Transcribe the listing below verbatim, omitting pictures.

# Information provided:
· · ·
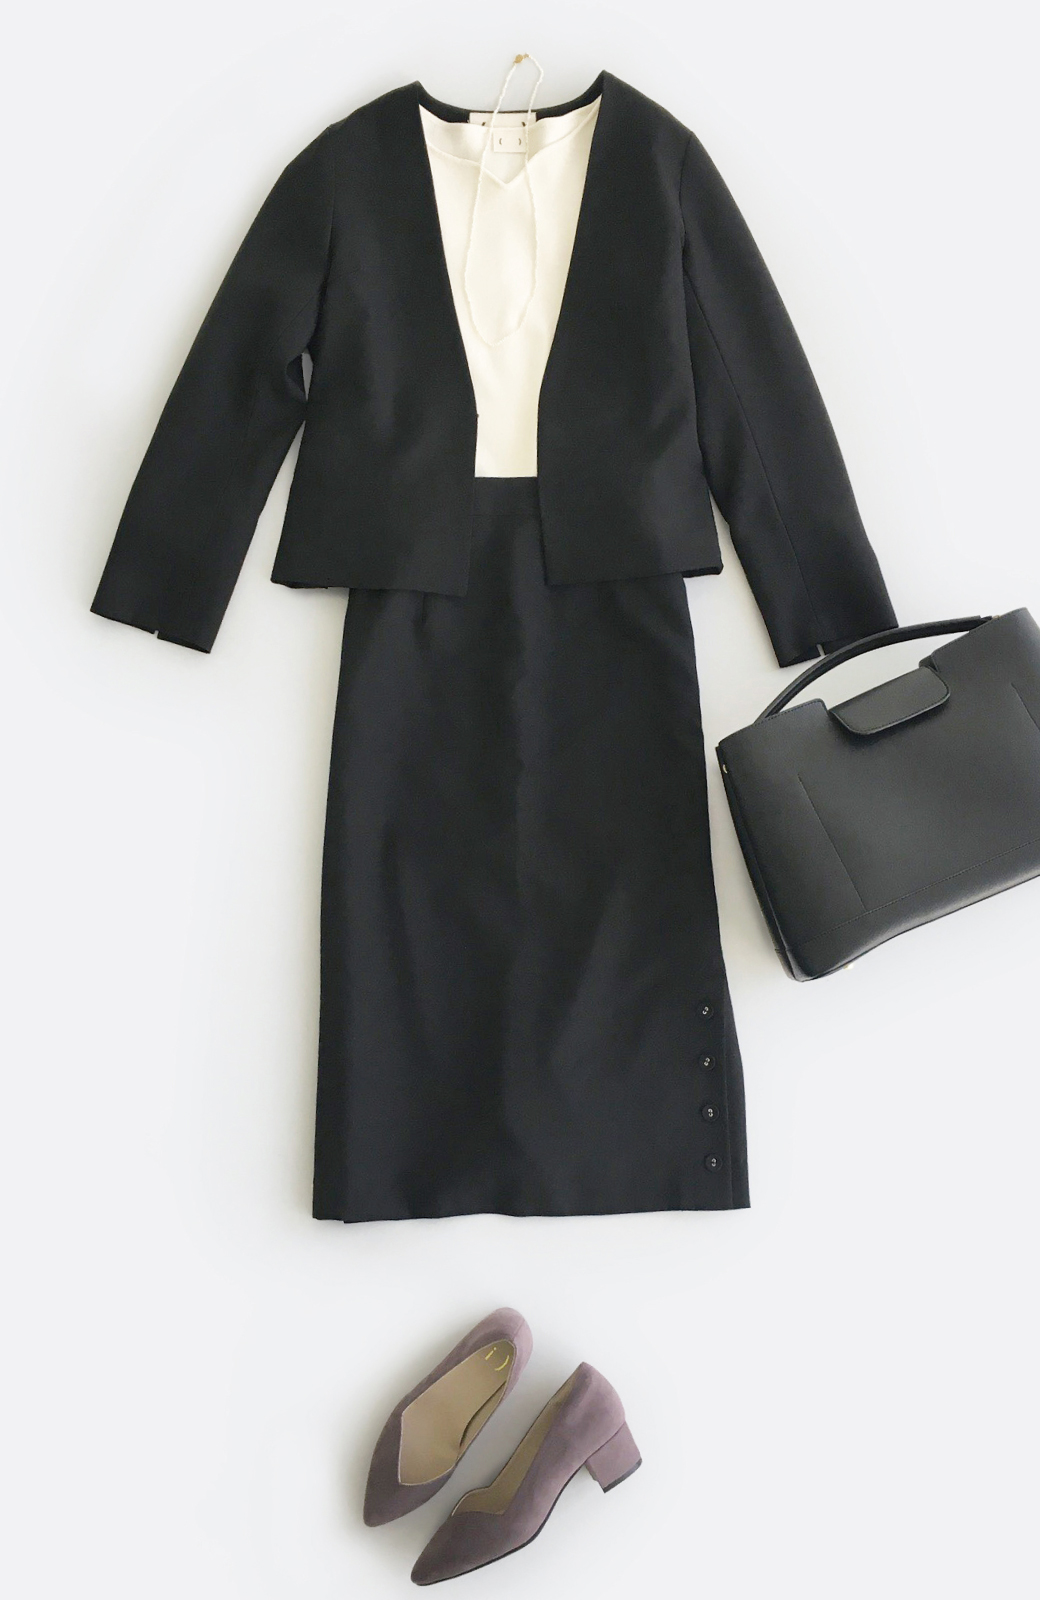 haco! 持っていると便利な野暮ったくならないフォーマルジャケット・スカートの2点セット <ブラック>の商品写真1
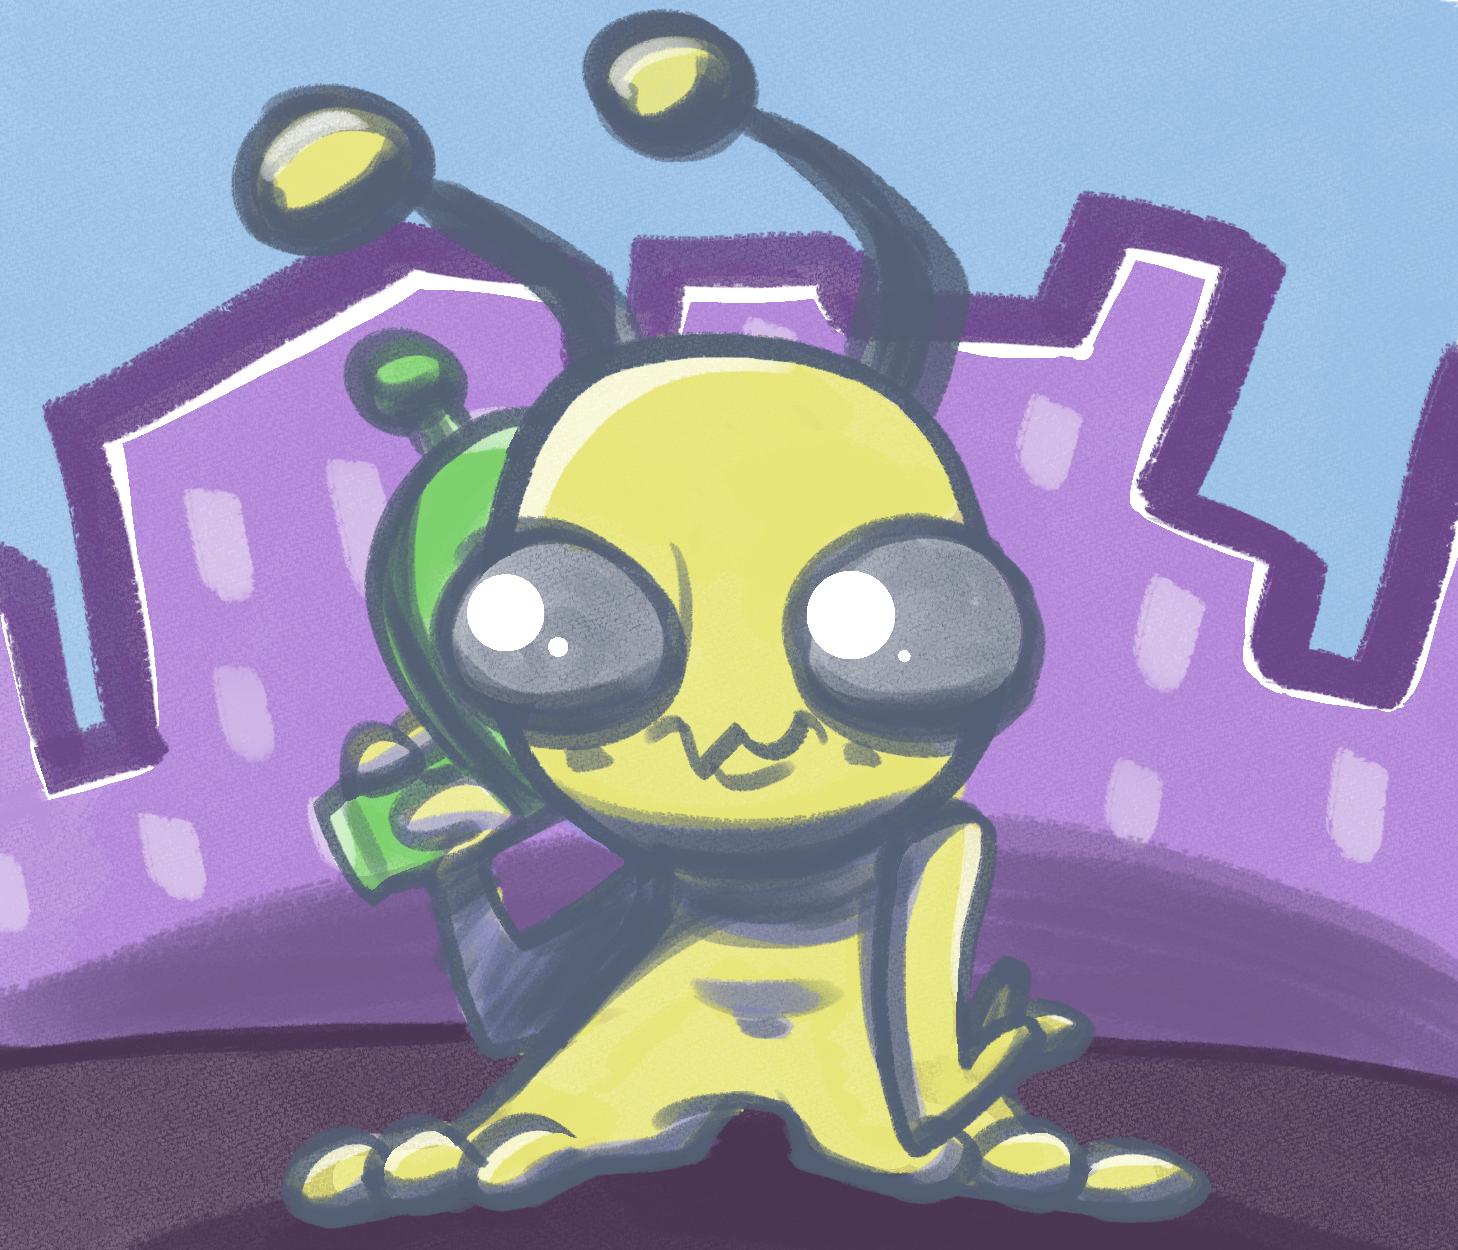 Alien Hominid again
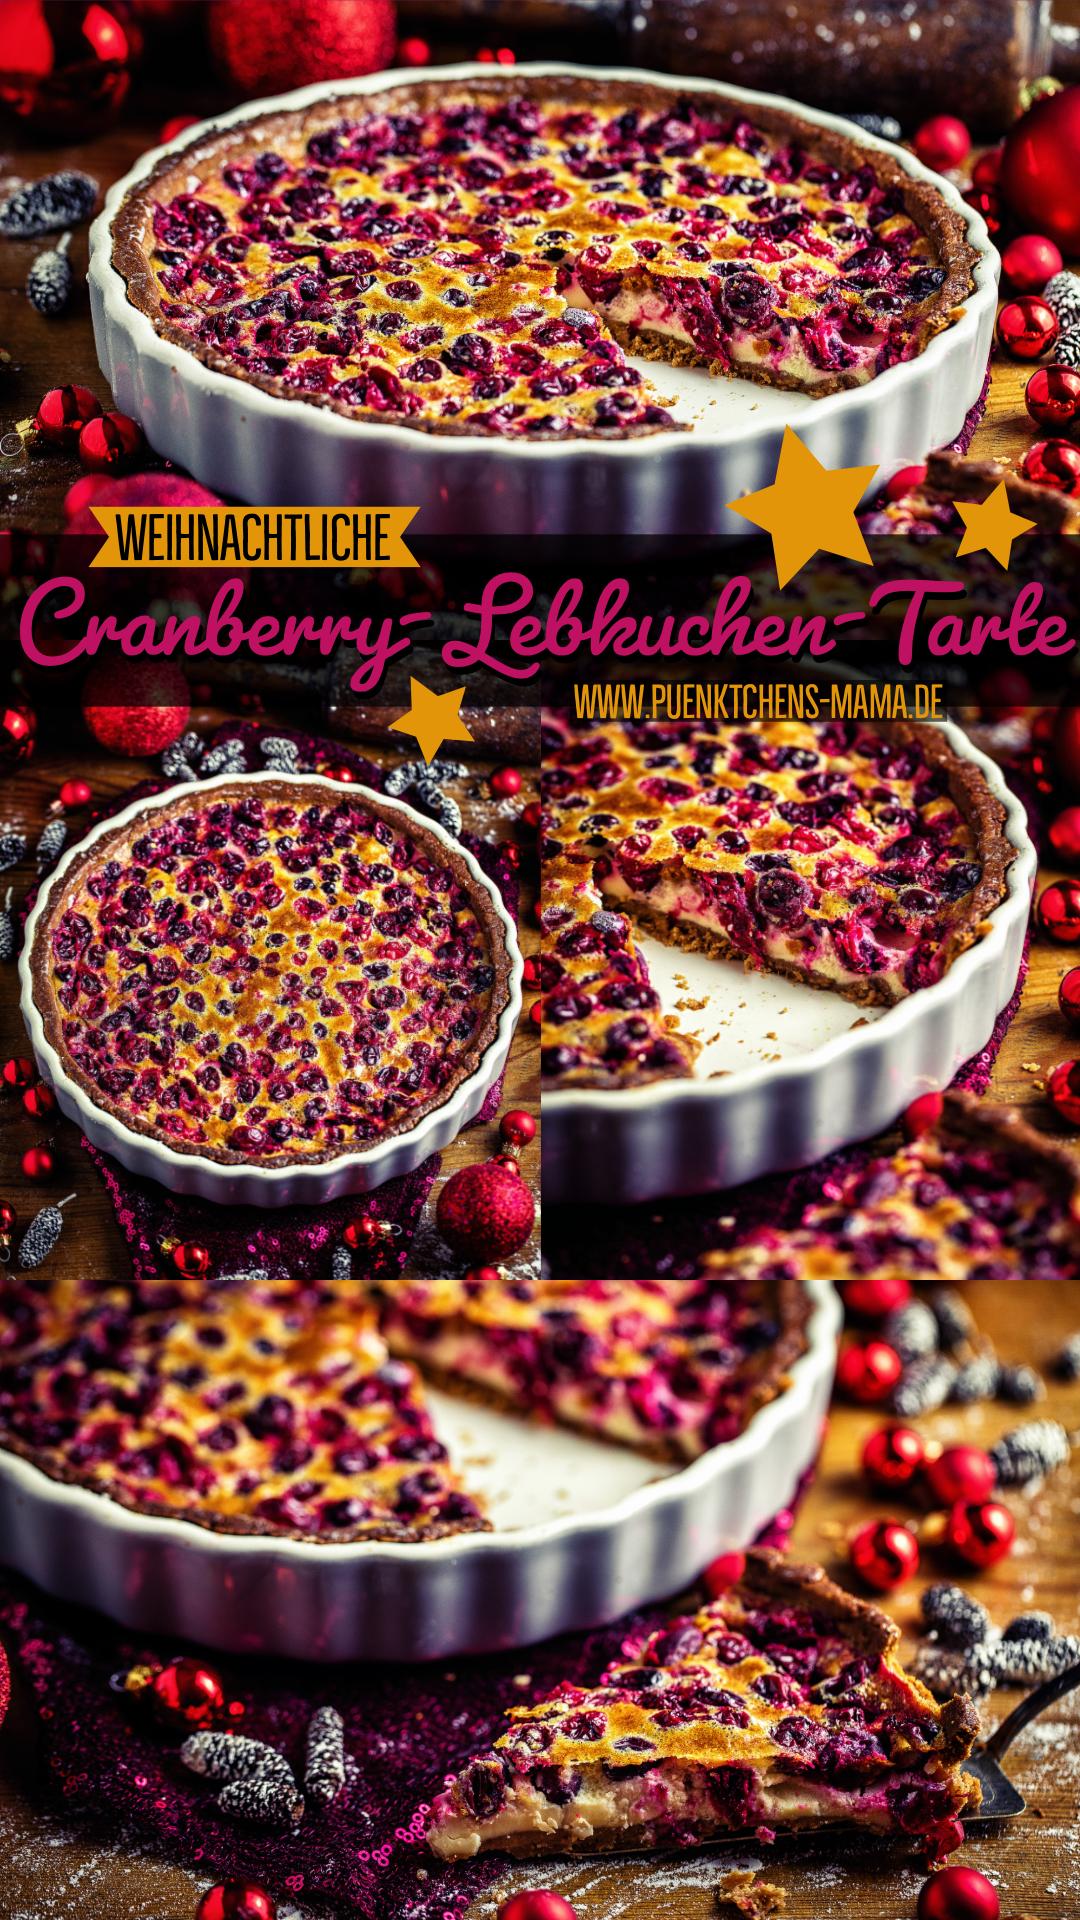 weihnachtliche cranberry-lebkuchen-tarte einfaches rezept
· · ·
# Response to the task:
 haco! 持っていると便利な野暮ったくならないフォーマルジャケット・スカートの2点セット <ブラック>の商品写真1
 Alien Hominid again
 weihnachtliche cranberry-lebkuchen-tarte einfaches rezept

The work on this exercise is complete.